How many samples per batch to load.

Set to None for iterable dataset where dataset produces batches.

shuffle: bool = False class-attribute instance-attribute

Whether to shuffle the data at every epoch.

sampler: samplers.Sampler | None = None class-attribute instance-attribute

Defines the strategy to draw samples from the dataset.

Can be any Iterable with __len__ implemented.

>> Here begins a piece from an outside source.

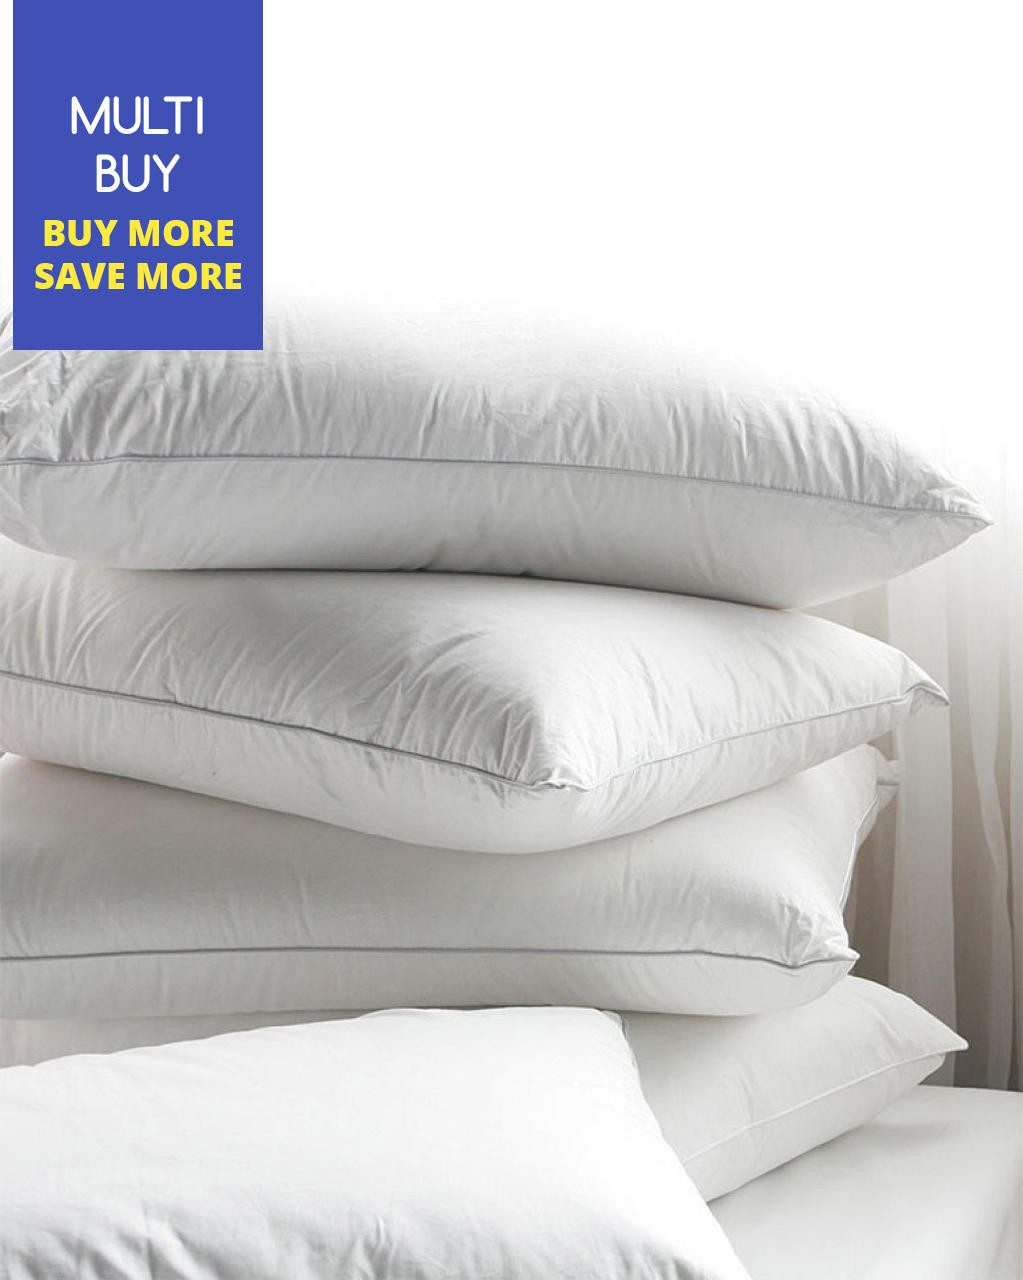 Bounce Back Pillows Soft Hollowfibre Polycotton Cover Rectangle Bed Pillow Pair 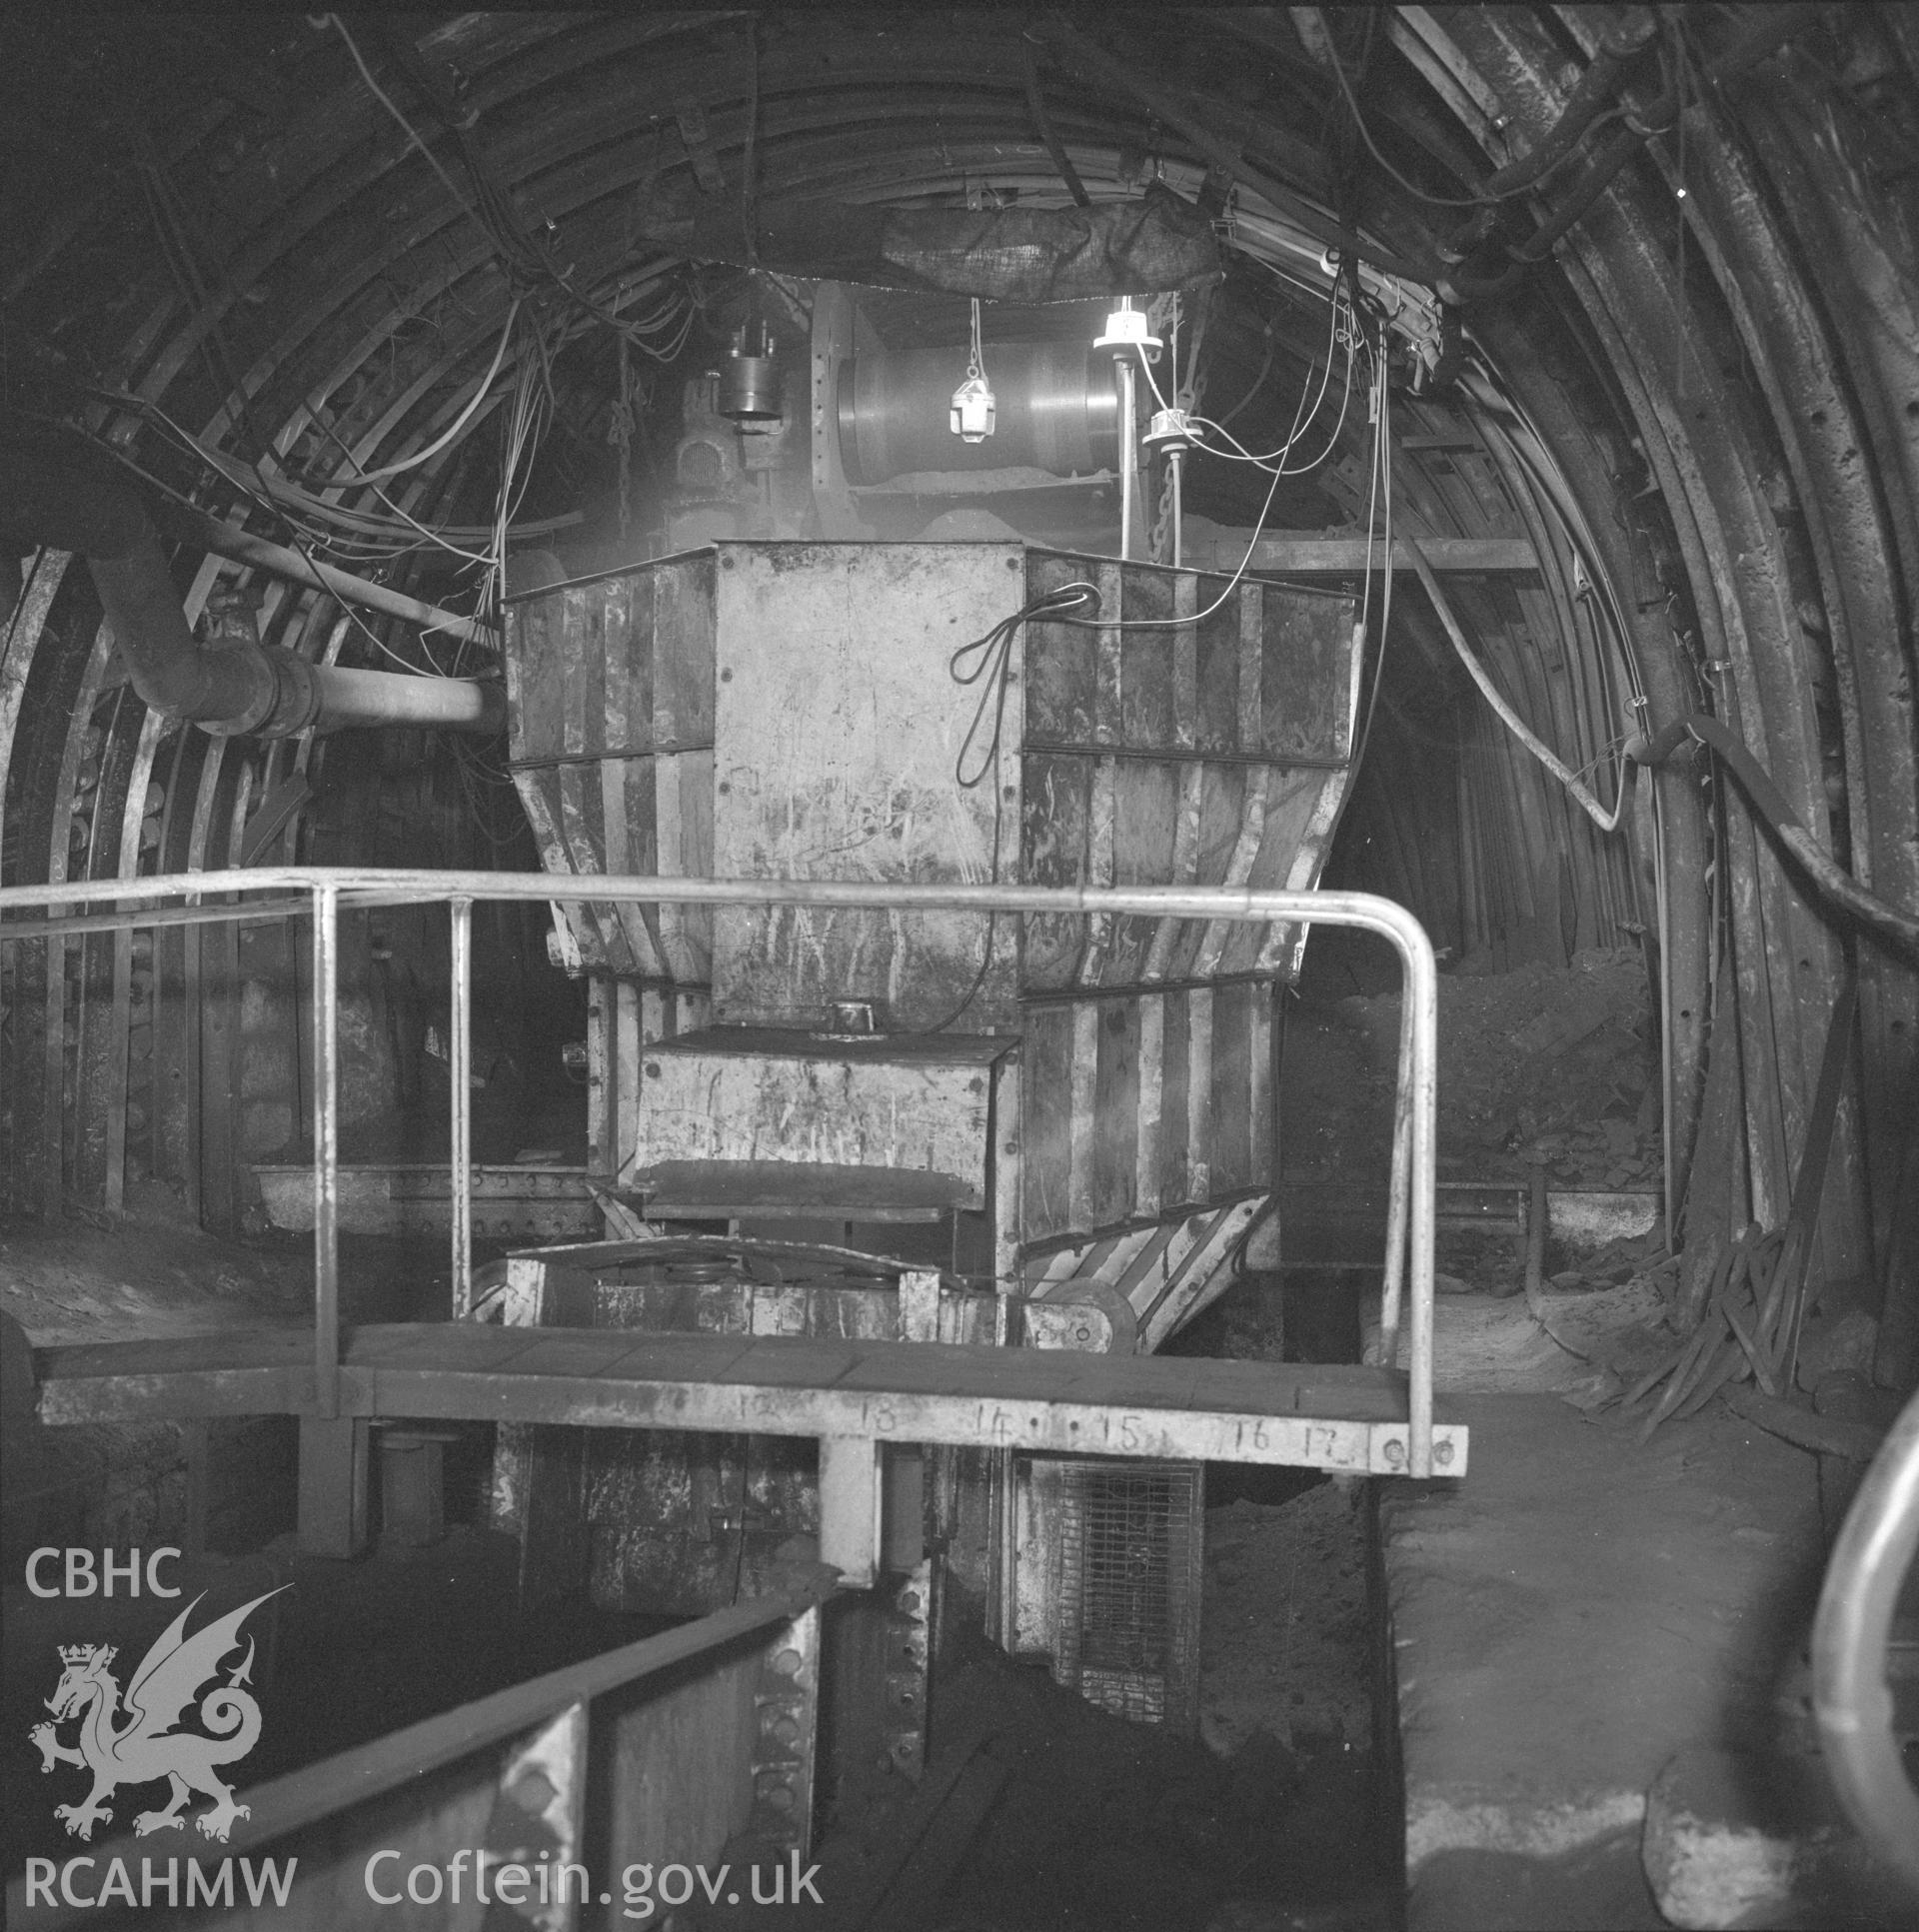 Digital copy of an acetate negative showing exterior of underground bunker at Oakdale Colliery, from the John Cornwell Collection.

If specified, shuffle must not be specified.

batch_sampler: samplers.Sampler | None = None class-attribute instance-attribute

Like sampler, but returns a batch of indices at a time.

Mutually exclusive with batch_size, shuffle, sampler and drop_last.

num_workers: int = multiprocessing.cpu_count() class-attribute instance-attribute

How many workers to use for loading the data.

By default, it will use the number of CPUs available.

collate_fn: Callable | None = None class-attribute instance-attribute

The batching process.

pin_memory: bool = True class-attribute instance-attribute

Will copy Tensors into CUDA pinned memory before returning them.

drop_last: bool = False class-attribute instance-attribute

Drops the last incomplete batch.

persistent_workers: bool = True class-attribute instance-attribute

Will keep the worker processes after a dataset has been consumed once.

prefetch_factor: int | None = 2 class-attribute instance-attribute

Number of batches loaded in advance by each worker.